# [DATA BLOCK]
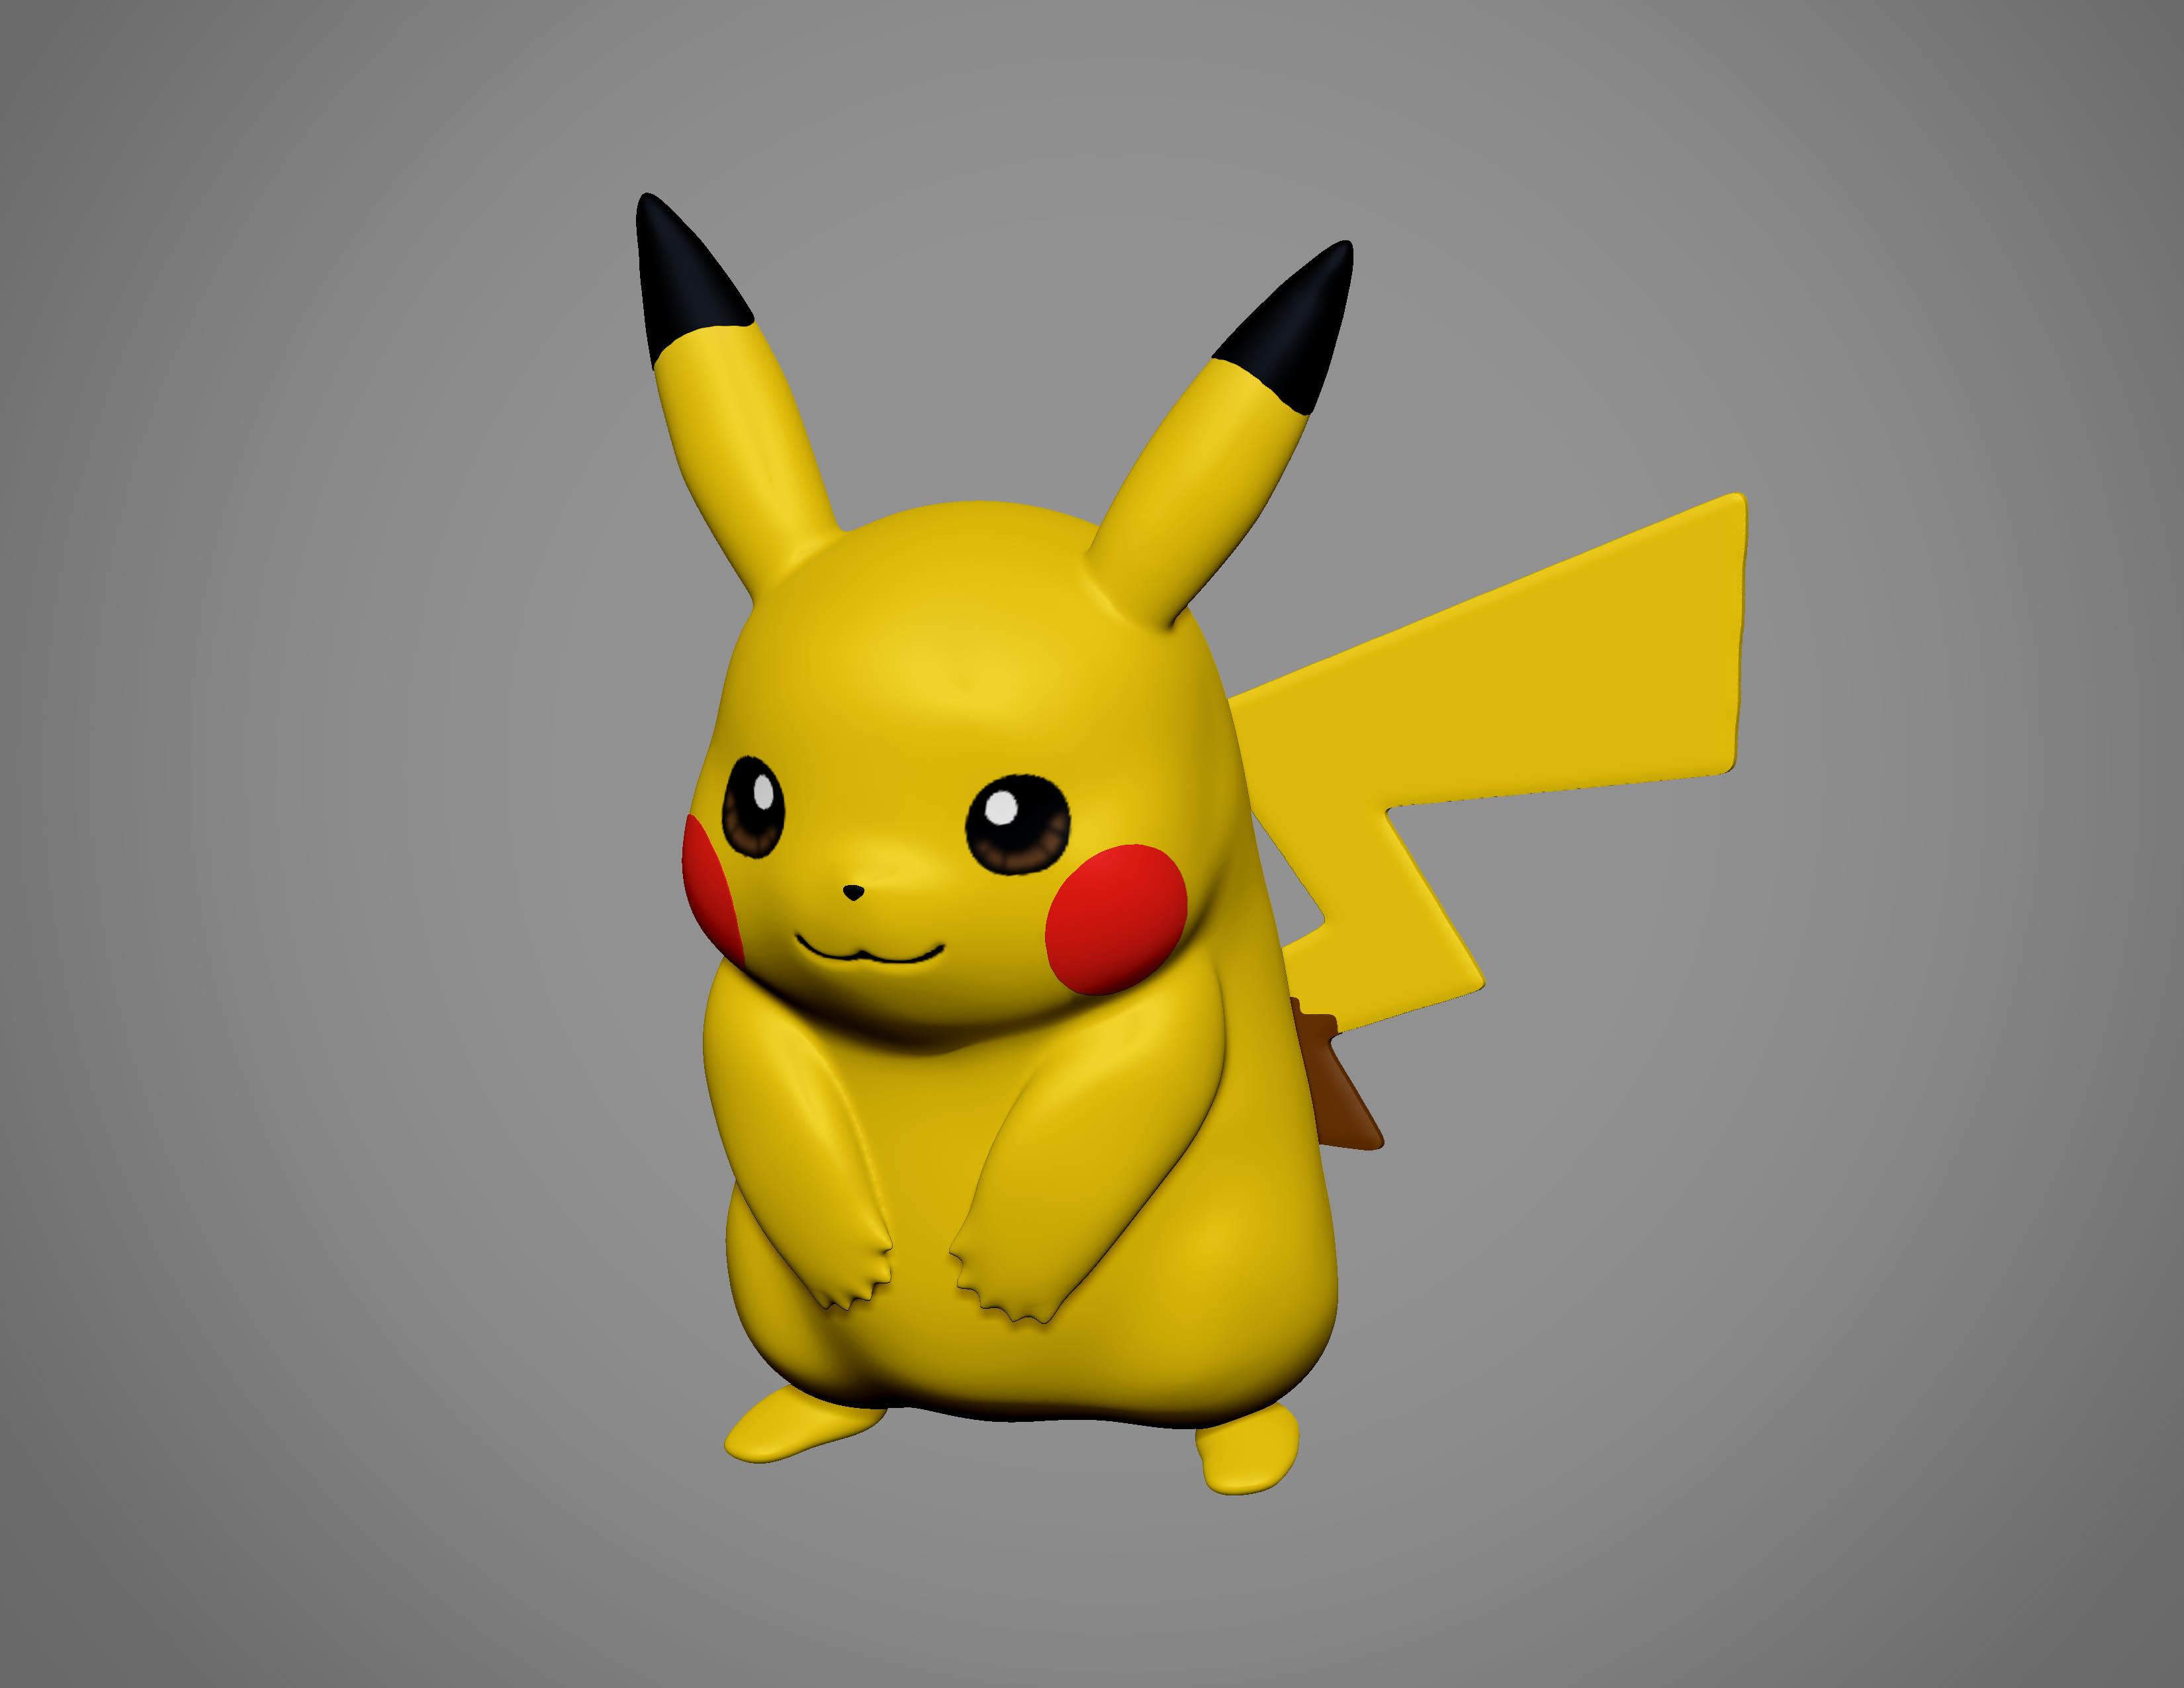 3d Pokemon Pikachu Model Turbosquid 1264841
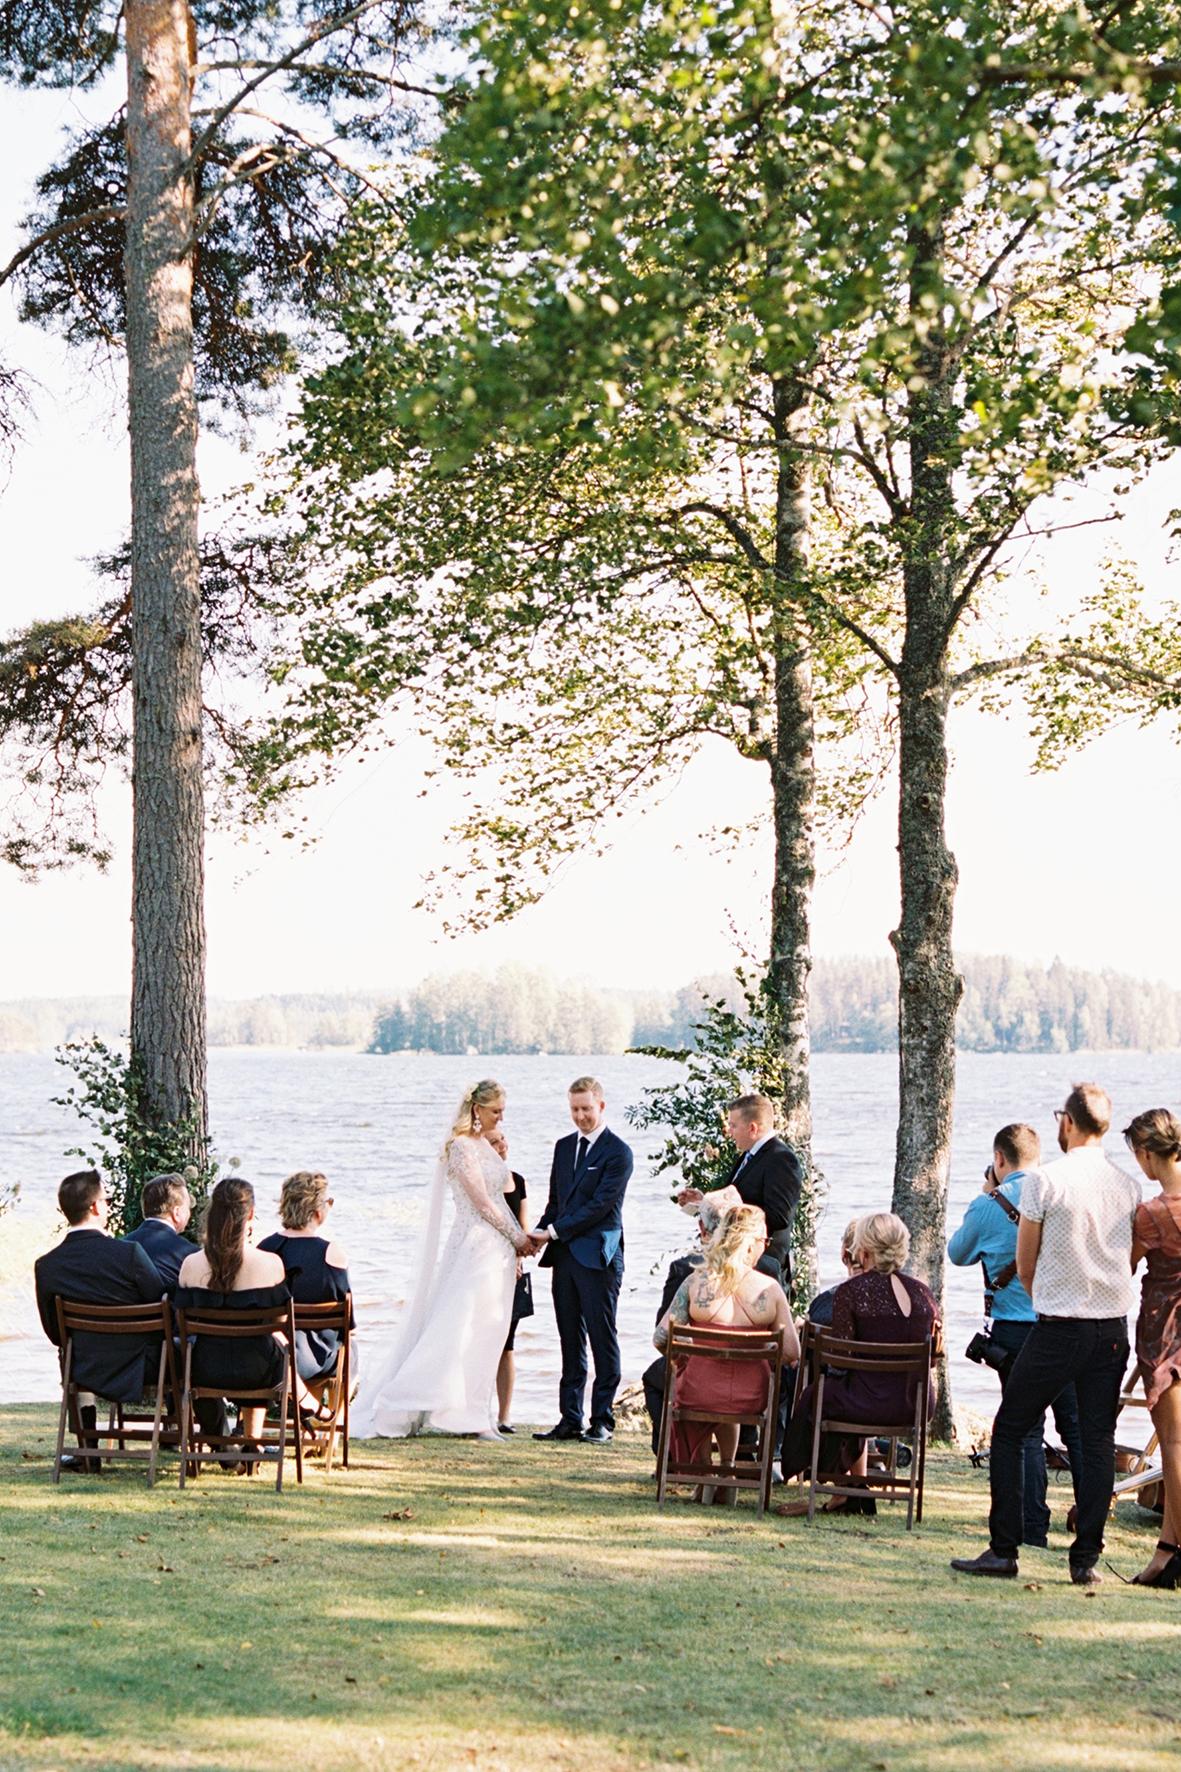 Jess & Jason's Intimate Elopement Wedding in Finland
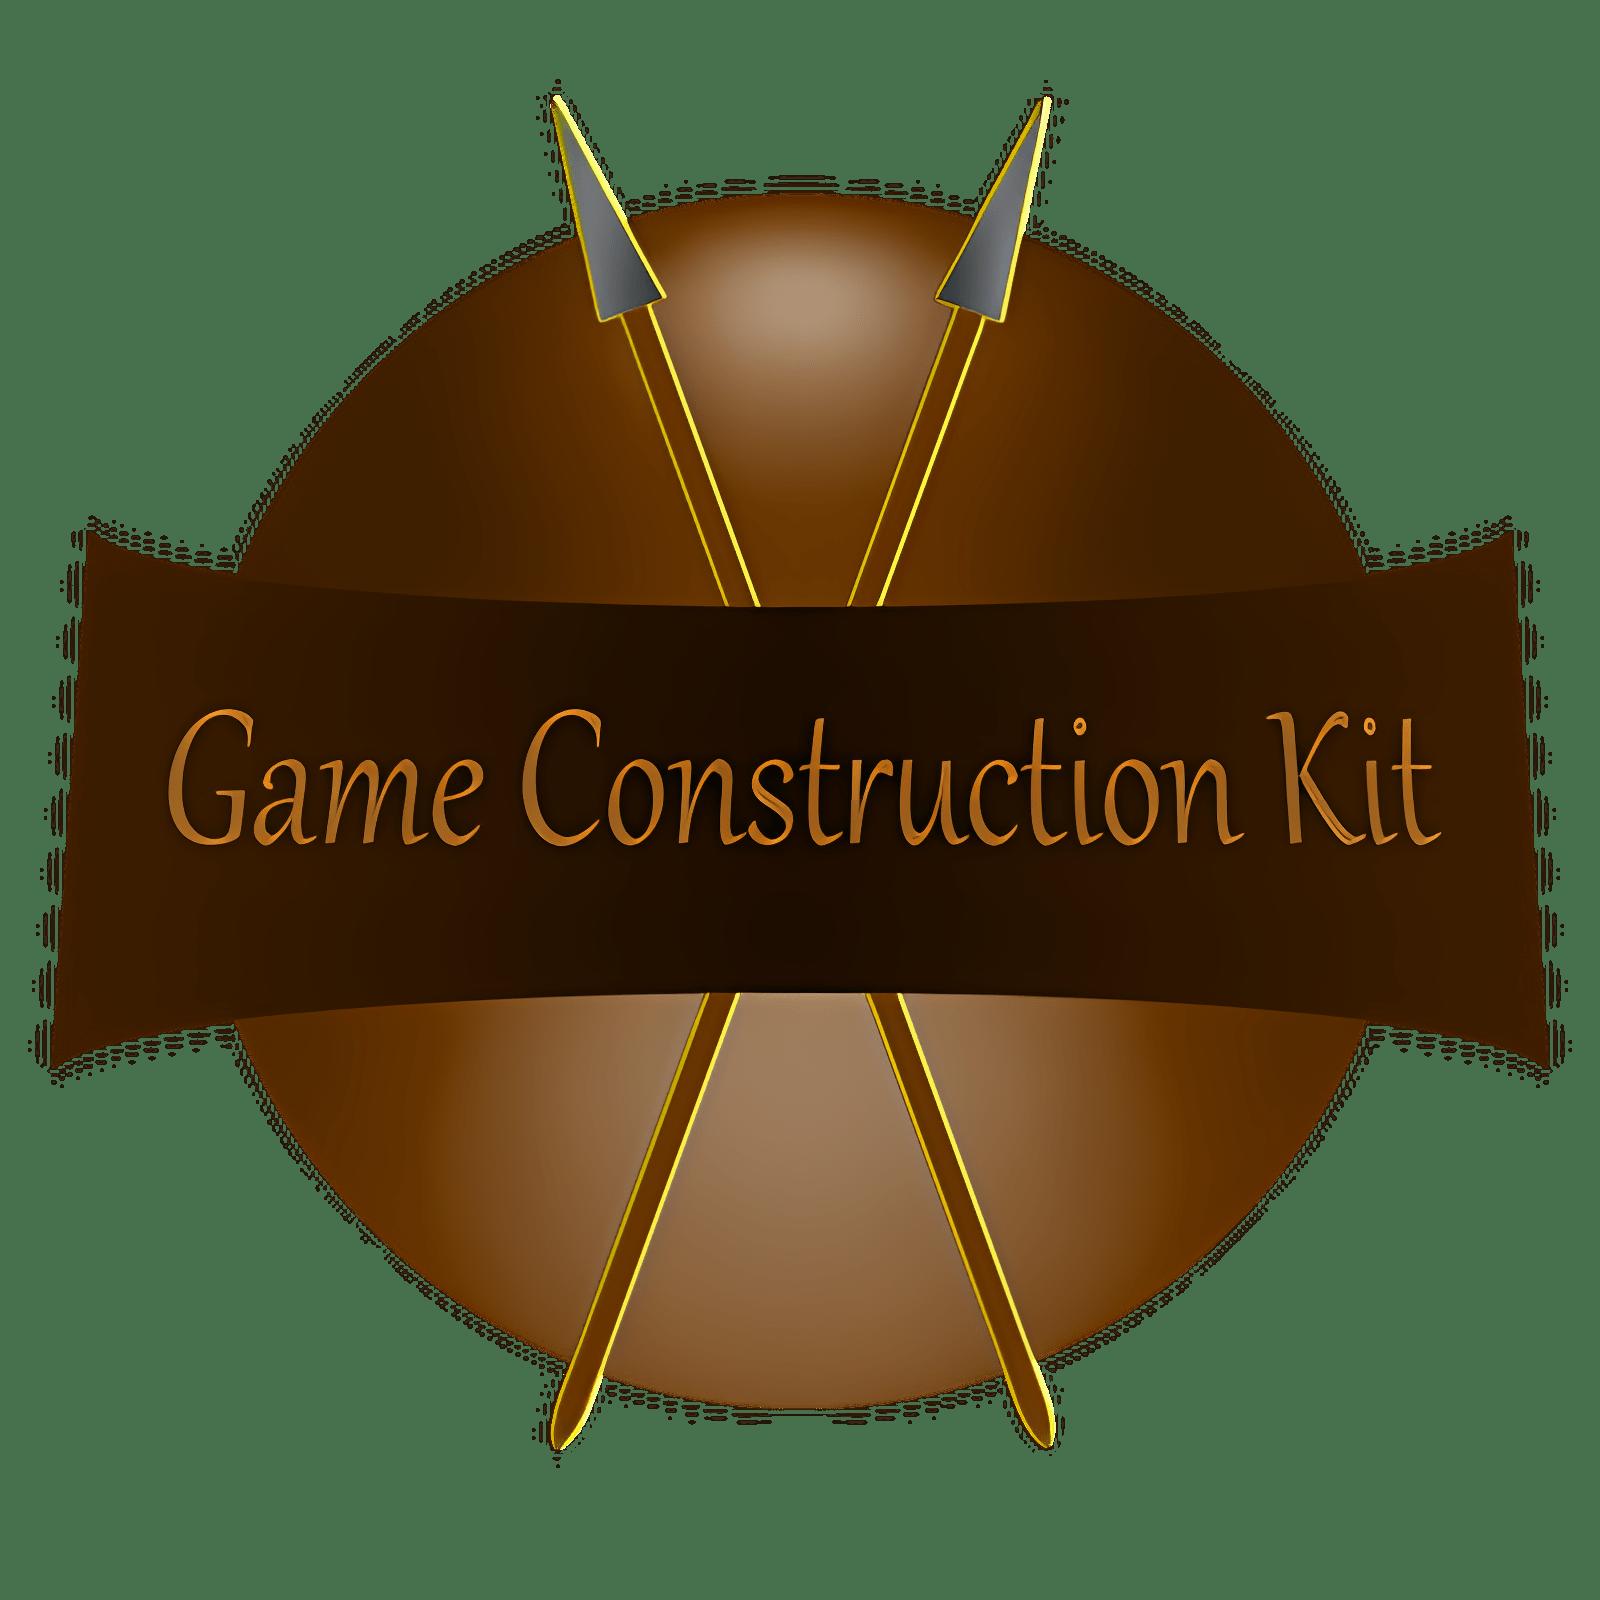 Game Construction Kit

# [PROBLEM STATEMENT]
Write out the data word for word. Any picture is to be skipped.

# [TASK RESPONSE]
 3d Pokemon Pikachu Model Turbosquid 1264841
 Jess & Jason's Intimate Elopement Wedding in Finland
 Game Construction Kit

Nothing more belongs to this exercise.